### What you should do
Skip all pictures. Set down only the lines starting at the line containing "Can You Match" and running to the end of the listing.

### Supplied information
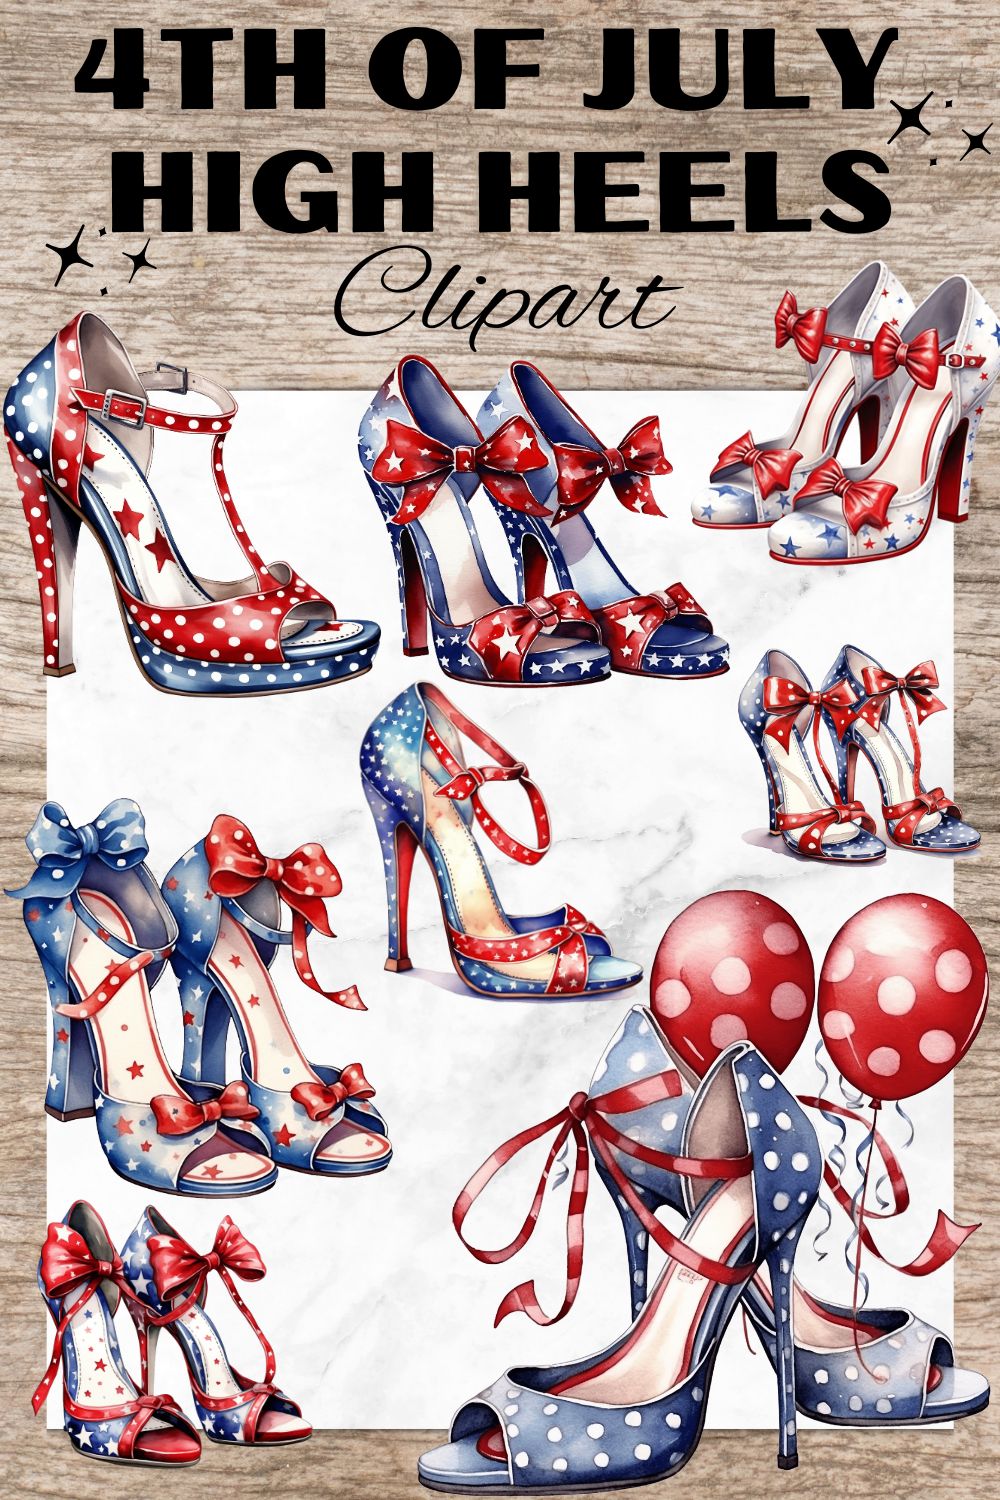 9 American 4th of July High Heels PNG, Watercolor Clipart, American High Heels, Transparent PNG, Digital Paper Craft, Illustrations, Watercolor Clipart for Scrapbook, Invitation, Wall Art, T-Shirt Design pinterest preview image.
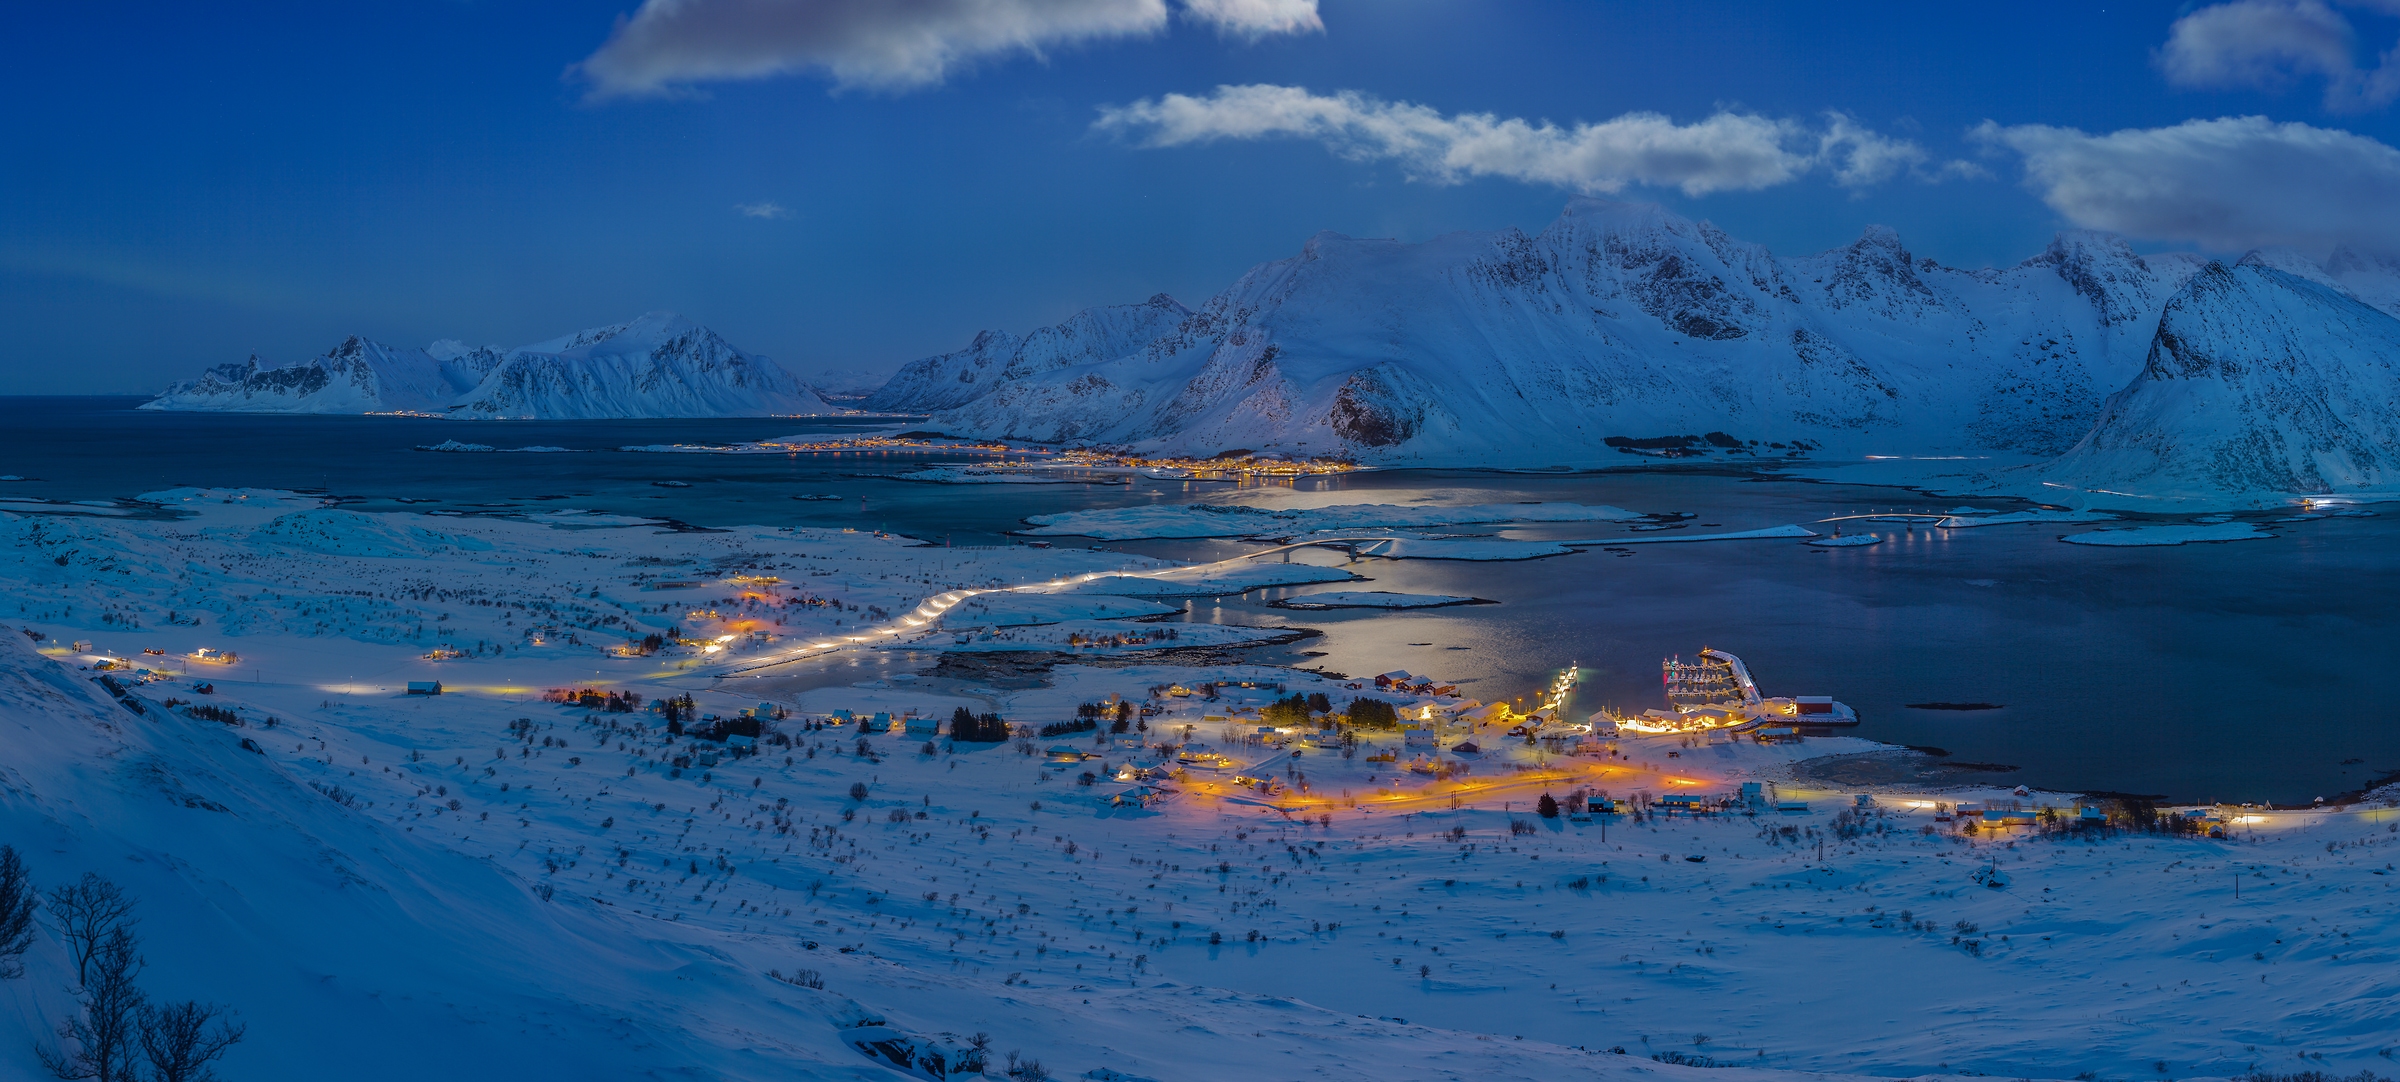 1,735 megapixels! A very high resolution, large-format VAST photo print of Lofoten, Norway at night with snow-covered mountains, illuminated homes, a bay, and the ocean; landscape photograph created by Martin Kulhavy in Fredvang, Lofoten, Norway.
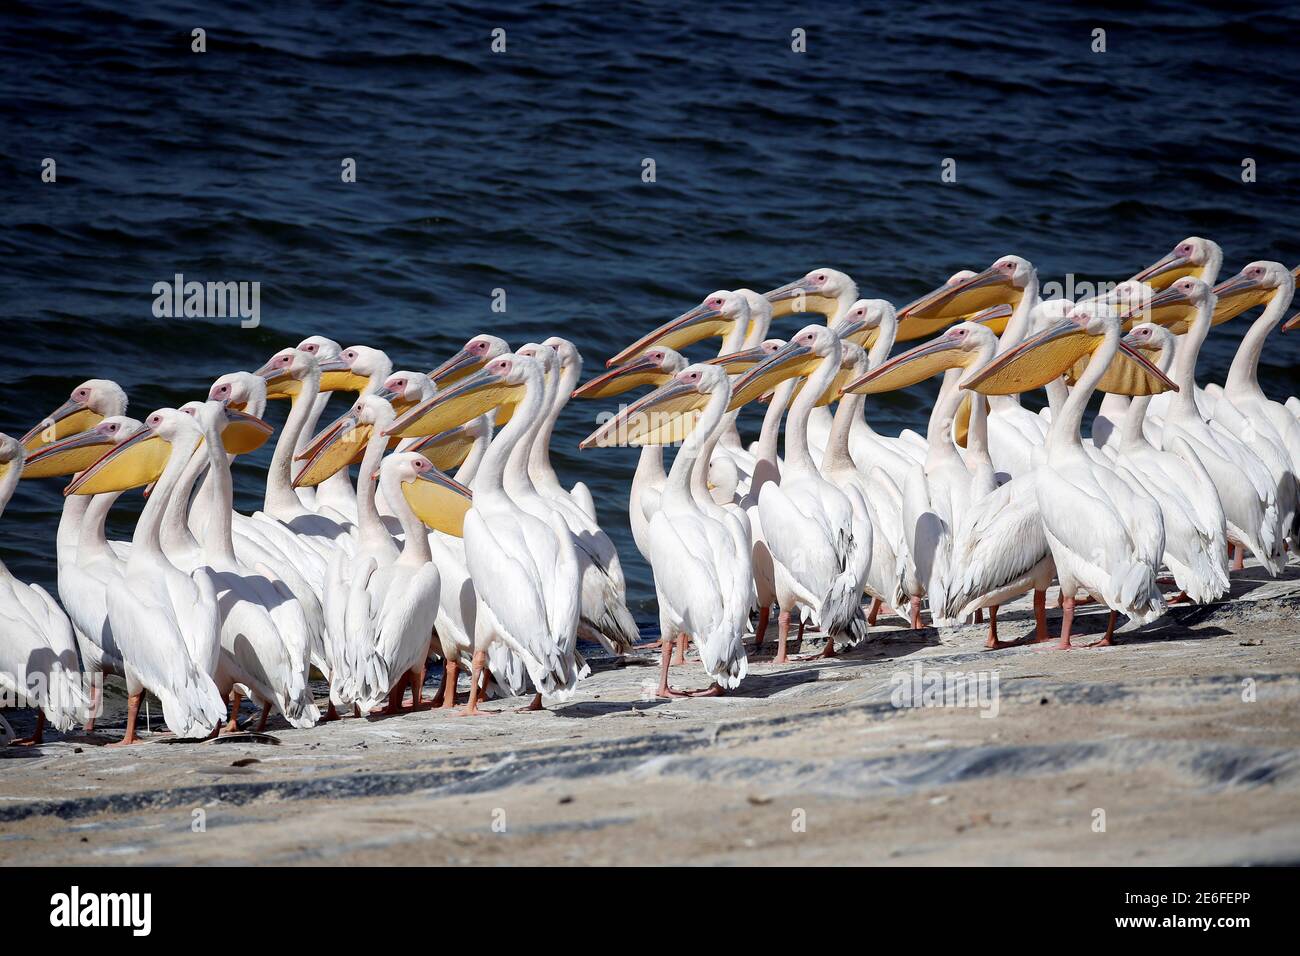 Great white pelicans stand in the water as they are fed by employees from the Israel's nature and parks authority, during their migrating season, in Mishmar Hasharon, central Israel October 13, 2016. REUTERS/Baz Ratner Stock Photo
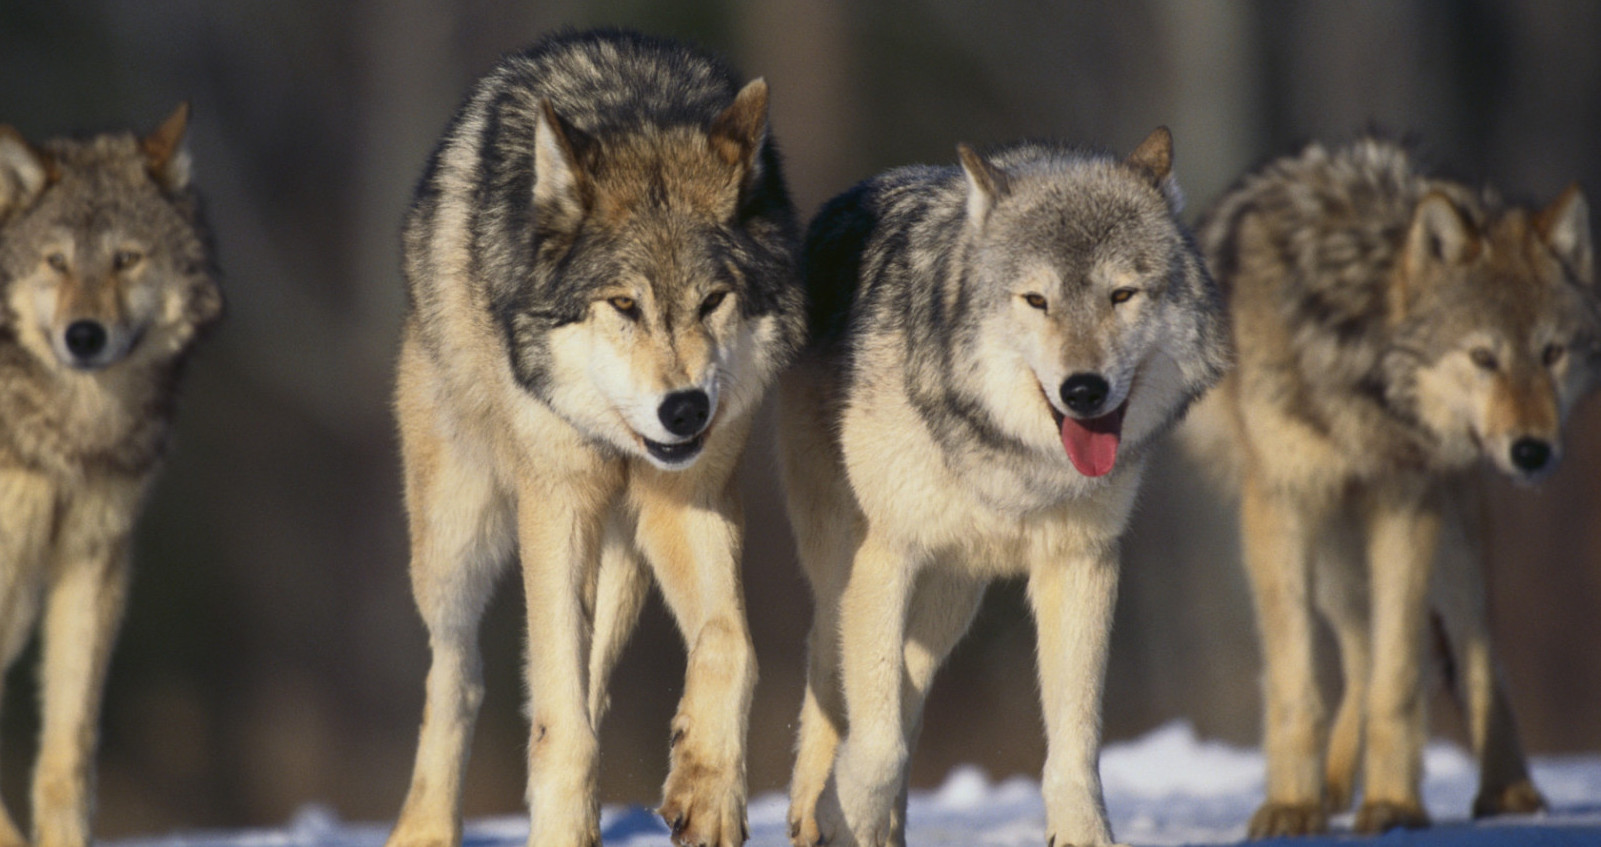 Can You Match These Animals With Their Natural Food Source? wolves
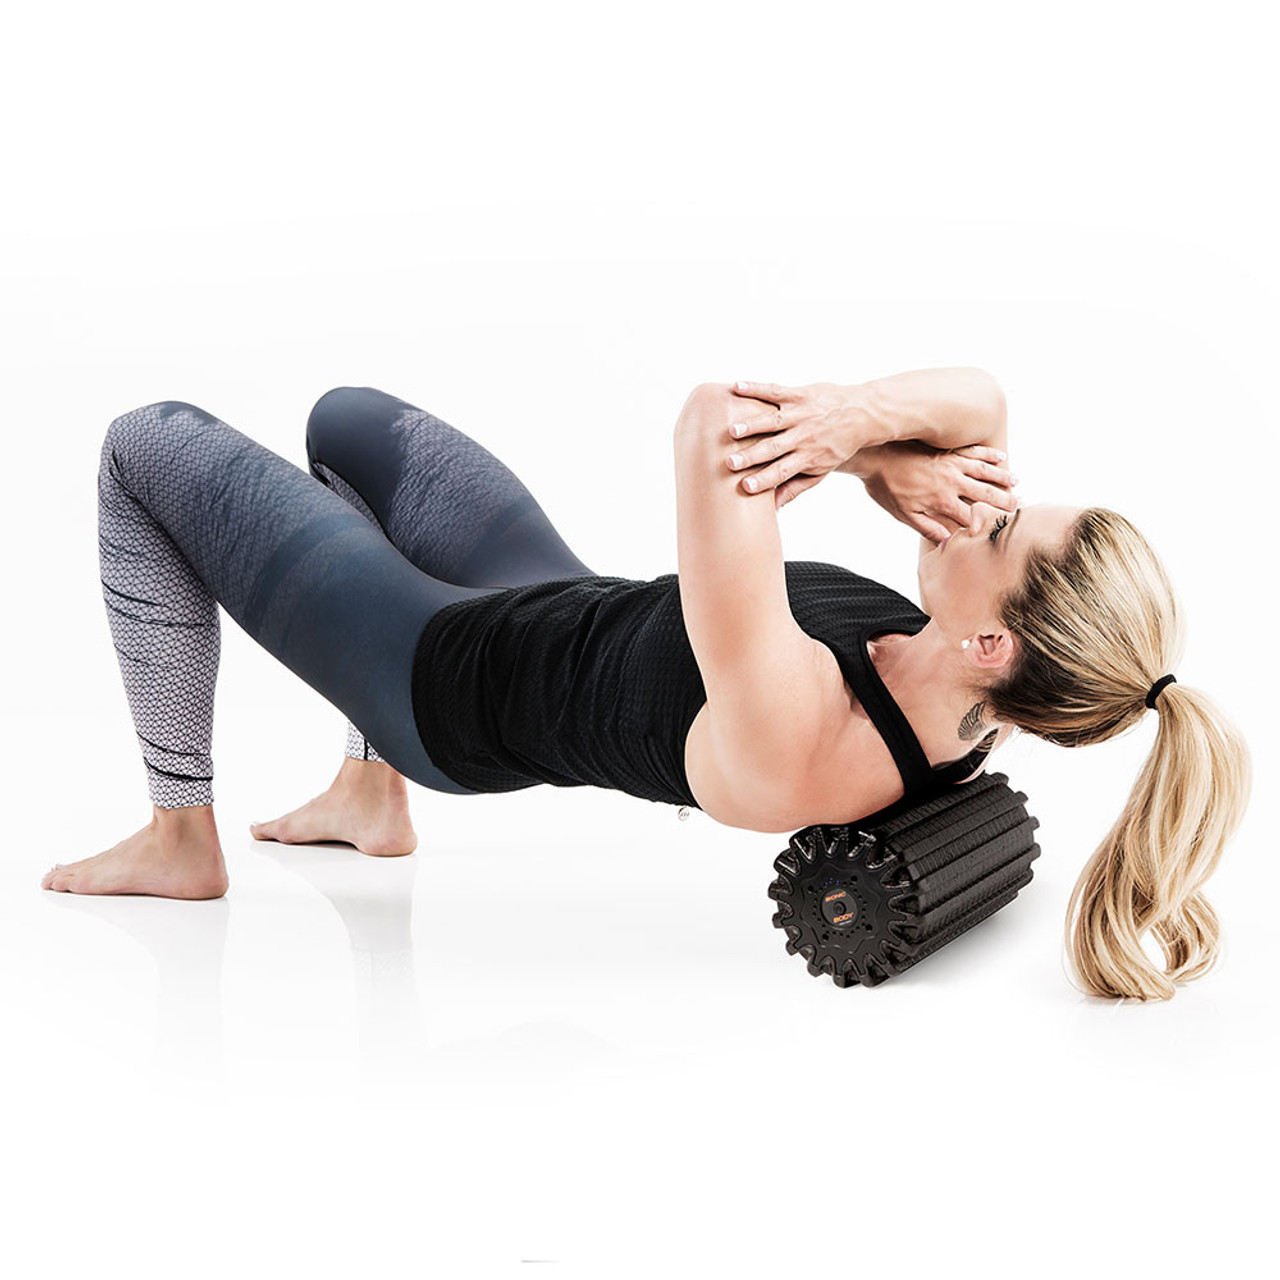 Vibrating Foam Roller - 4 Speed Rechargeable

### Written reply
 Can You Match These Animals With Their Natural Food Source? wolves
 Vibrating Foam Roller - 4 Speed Rechargeable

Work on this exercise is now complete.